Silverblade The Ench said:


> Anyone know of a good acrylic paint drying retardant, that works with Citadel paints? (My Mum has several artist retardants for acrylics, Windsor & Newton etc but no idea on suitability for Citadel paints)
> 
> I don't use soap for retardant, sorry, never got that idea, as soap surely knackers any varnish you put on top, won't it?



Citidel have more pigment than craft paint, but both are still acrylic paint.








Silverblade The Ench said:


> Usually the problem with artists acrylics, is that they are far too thick and rubbery for model work, IMHO.
> I found they didn't adhere well to the minis. Fine for a "museum" piece, useless for a gaming one that you handled as regardless of varnish, the underlying paint would just slough off.



Washing the mini with a degreasing soap {dish soap] then giving the fig a thorough rinse and dry worked for me. Thinning any paint is a must, though this means many craft paints will need extra coats due to low pigment ratios.

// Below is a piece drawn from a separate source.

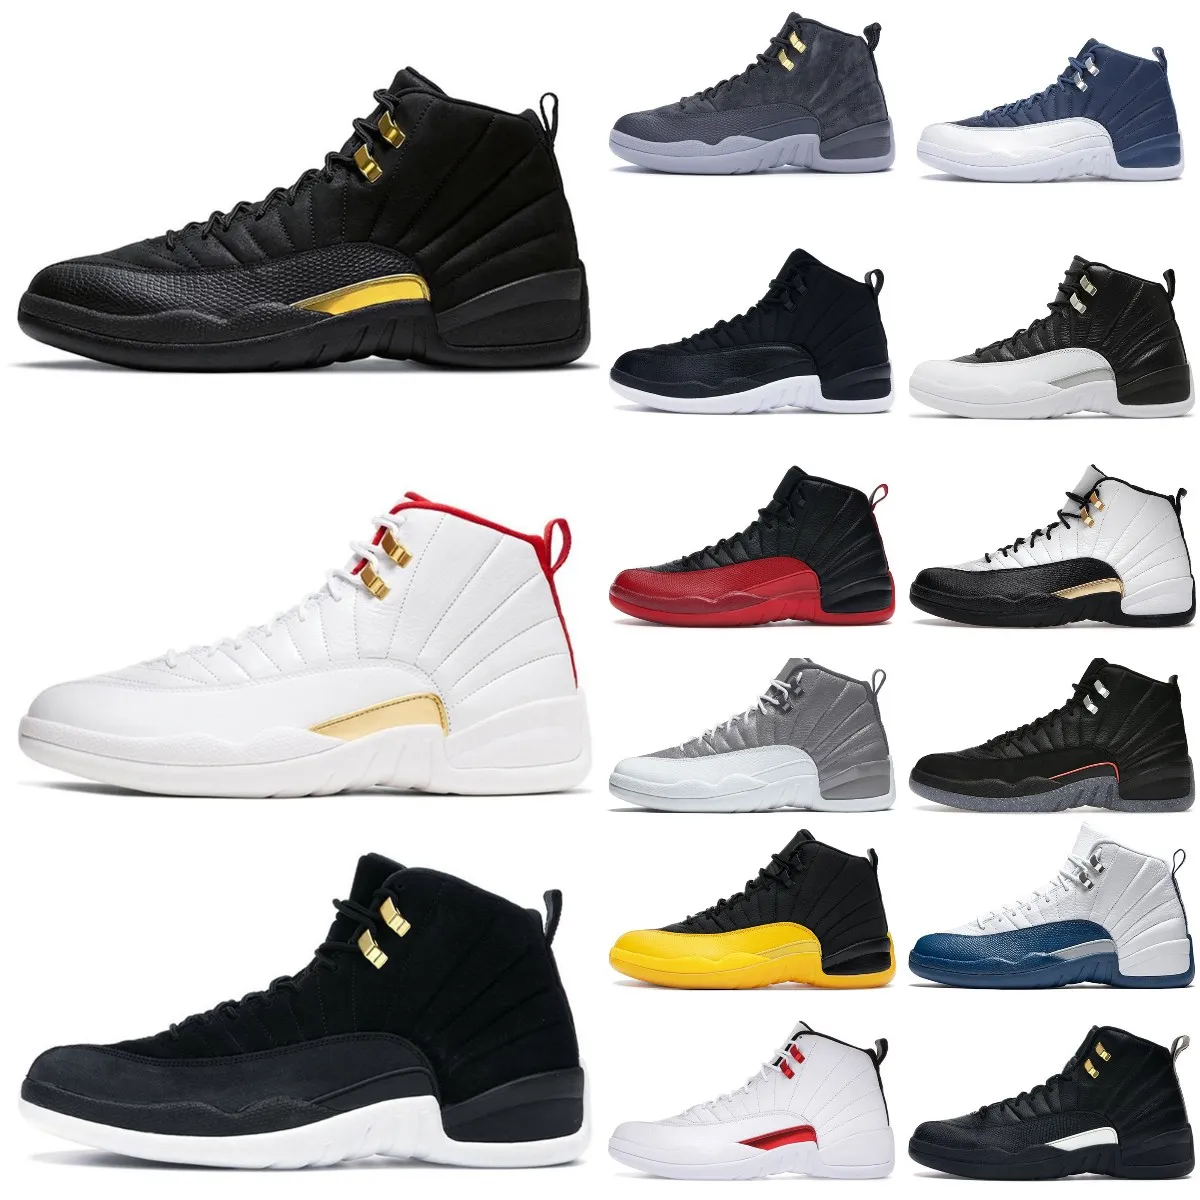 2022 Nouvelles chaussures de basket-ball 12s Jumpman 12 Black Taxi Reverse Flut Game Dark Concord University Gold Stealth The Master Mens Trainers Sports Sneakers 40-47
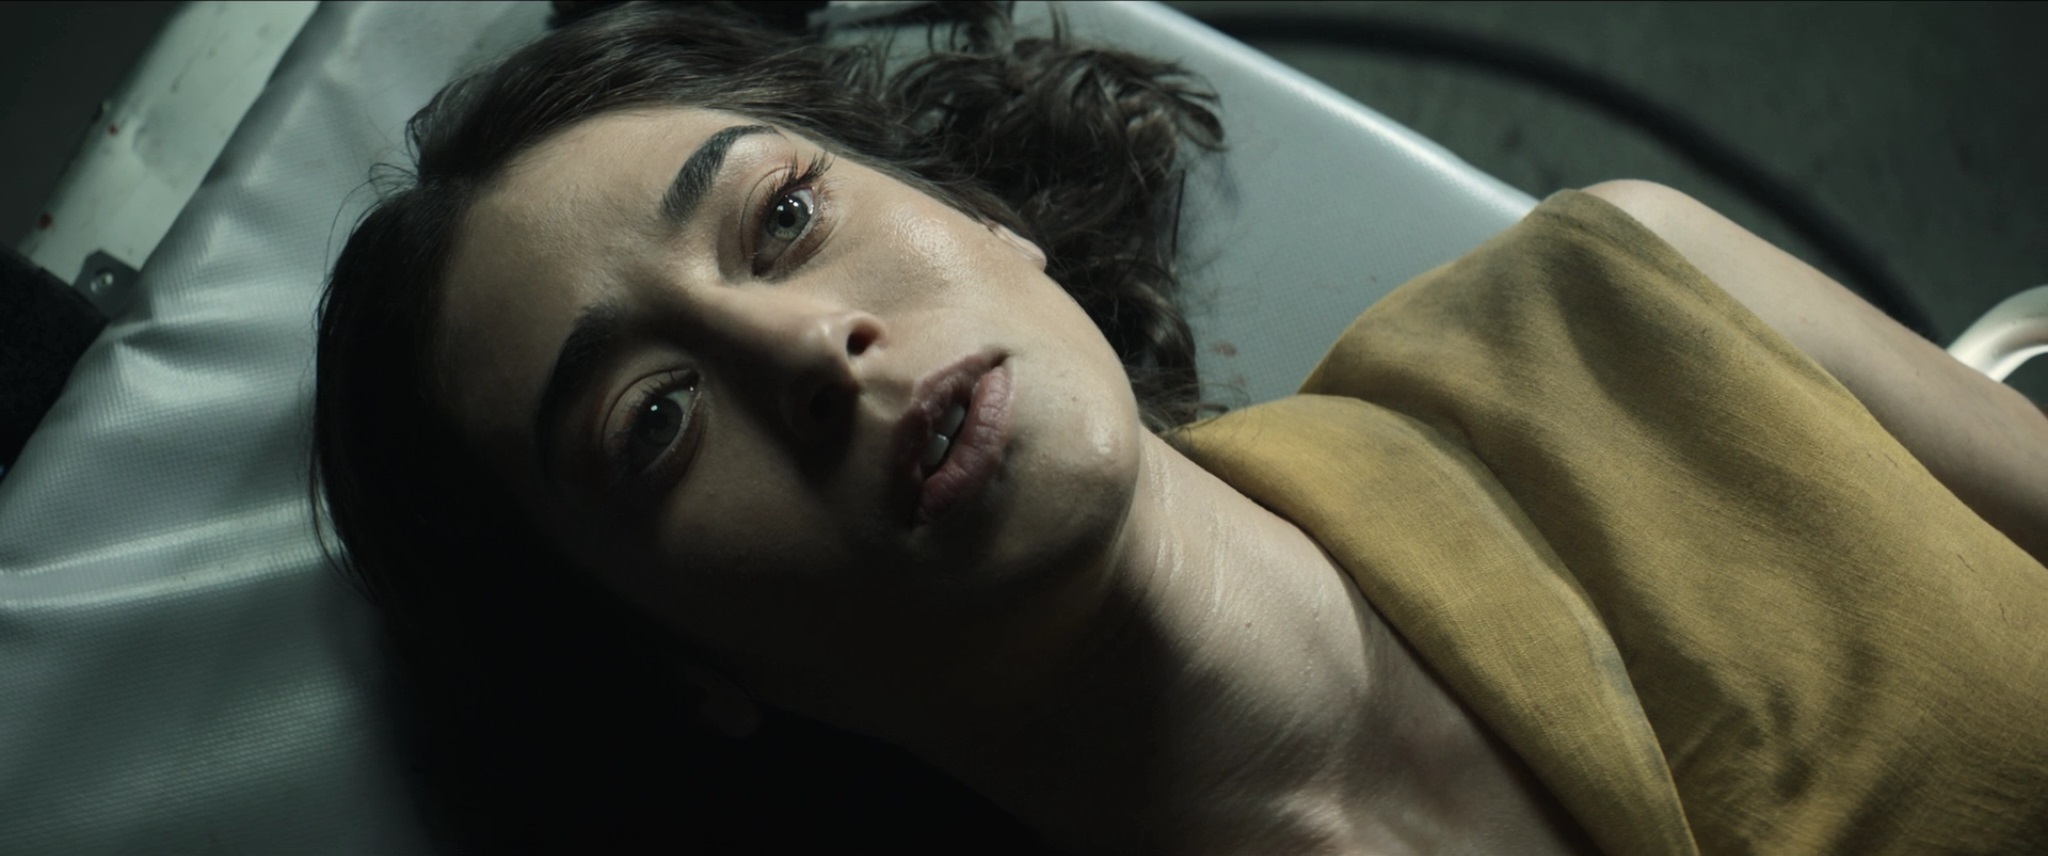 Lizzy Caplan never makes it through an alien invasion unscathed

I had some trouble with soap myself. Too easy for washes to wake up the soap!


----------



## ThePromethean (Jul 1, 2008)

For a drying retardant I have tried a number of them from different companies and found no real difference in their performance. I most often use either the Windsor and Newton one for minis and the Delta Ceramcoat one for terrain. I mix these with Citadel, Vallejo, P3 and other paints and they seem to do just fine. 

Another thing I use sometimes is Future Floor Polish. It is a liquid acrylic so since the paints are acrylic they mix together well and it extends the drying time. It also sticks better to minis and terrain and flows well into the cracks without getting air bubbles. 
http://www.floorcareproducts.com/floor-finish/index.asp

Last but not least if you are worried about your paints drying up during painting you might look into a wet palette. It is basically a wet sponge with a vellum paper on top. The water will osmose through the paper and into the paints keeping them from drying out. It comes in a container that you can close and then open the next day or several days later and still have wet paints.


I wash mine with cleaner called "Simple Green" http://www.simplegreen.com/ which you can get at most department and hardware stores. I do this before painting and the nice thing is you can soak minis in it for days even weeks and then paint will just scrub right off of them, so it makes a great stripper as well.


----------



## Fraisala (Jul 1, 2008)

Silverblade The Ench said:


> Anyone know of a good acrylic paint drying retardant, that works with Citadel paints? (My Mum has several artist retardants for acrylics, Windsor & Newton etc but no idea on suitability for Citadel paints)
> 
> I don't use soap for retardant, sorry, never got that idea, as soap surely knackers any varnish you put on top, won't it?




I generally use glazing medium on minis, just as I do on canvas. Acrylic paint is acrylic paint, after all. It's medium-body stuff, not unworkably "lean" for most minis applications. If for any reason my paint ends up too thick, I usually just water it down with, well, water. 

I've had no adhesion problems using this method so far, unlike the soap-as-retardant experiment, which I will never speak of again. (At least not in detail, anyway...)


----------



## Silverblade The Ench (Jul 2, 2008)

thnak you folks, very helpful thread, this!


----------